Nearly 4,700 flights in and out of the United States had already been canceled as of 11:45 a.m. Tuesday, the flight-tracking website Flightaware.com reported. That’s on top of 2,800 scrubbed Monday. Hundreds more have already been called off for Wednesday.
The hardest-hit airports were in New York, Boston and Philadelphia. Boston’s Logan International Airport won’t reopen until Wednesday.
The major U.S. airlines are offering fee-free rebooking of flights to and from the Northeast through Tuesday.
For some travelers, it was touch and go. Ricardo Canadinhas looked through an ice-coated window on his Virgin Atlantic flight before takeoff. He could barely see. “#isthissafe,” he tweeted.
Amtrak said it was suspending Northeast Regional and Acela Express services between New York and Boston for Tuesday because of the weather.
Other Amtrak train routes in the region will operate at reduced frequencies, the rail line said.
From stocking up to snowball fights
The storm warnings seemed to impress even the most jaded Northeasterner, as groceries flew off store shelves from Brooklyn to Bangor.
Michelle Thompson, a professor who lives in New York, found little left at a Greenwich Village grocery store.
“These are the sorts of supplies New Yorkers need,” she said, gazing at the empty shelves. “Apparently, fresh bread is imperative as well eggs. Don’t forget the dried pasta and sauce!”
It was the same story at the Star Market, where Rafi Menachem shops in Boston. While his wife, a doctor, was stuck at work at Boston Medical Center, he was trying to hold down the fort.
“A majority of the produce, deli meats, eggs, milk and bread were all gone,” he said.
Still, it’s not like everyone was shaking in their snow boots.
As Steve Nogueira, a retired meteorologist who lives in Taunton, Massachusetts, said, “We’re New Englanders,” We’ve done it before.”
And the coastal city of Portsmouth, New Hampshire, could soon be shaking for a different reason. Hundreds have accepted an invitation, via Facebook, to a massive community snowball fight — one that organizer Devin Murphy joked is in the proud tradition dating back to around 1624, when the city was first settled.

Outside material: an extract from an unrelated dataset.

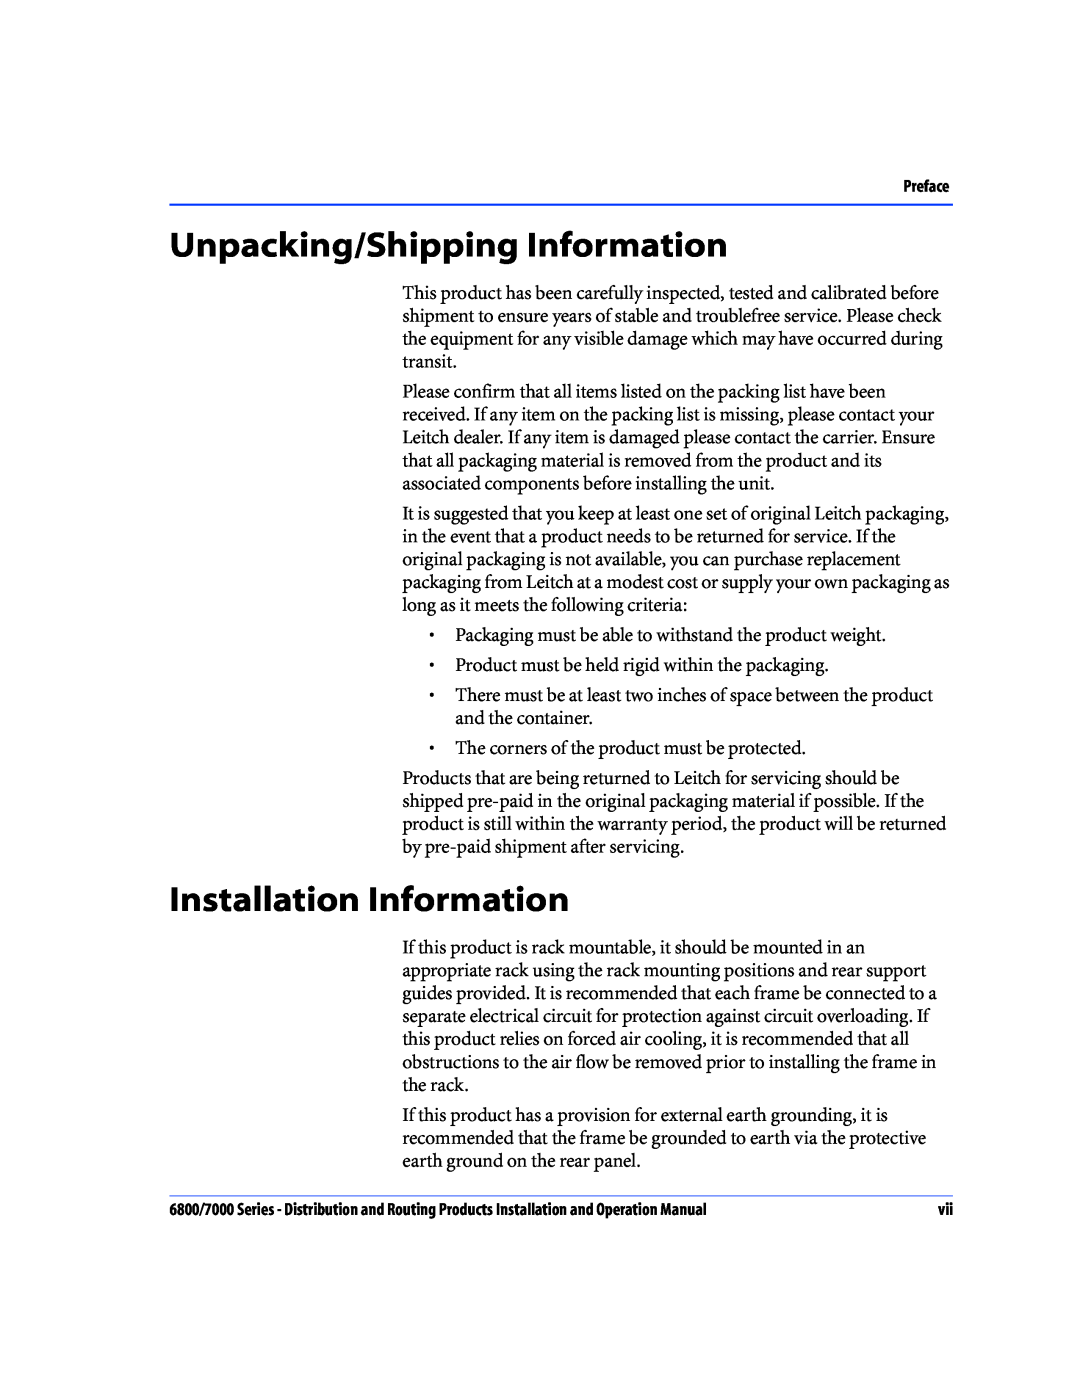 Nokia 6800 Series, 7000 Series operation manual Unpacking/Shipping Information, Installation Information

Murphy said parents have asked if their kids are welcome. They are, he said, and the snow should be light and less dangerous. Some of the bars in the small, close-knit New England community will be open to cater to the snowball fight warriors. Murphy called the response tremendous, especially compared with what he got the last two times he tried to organize such an event.
“At this point, it’s just going to be fun,” he said.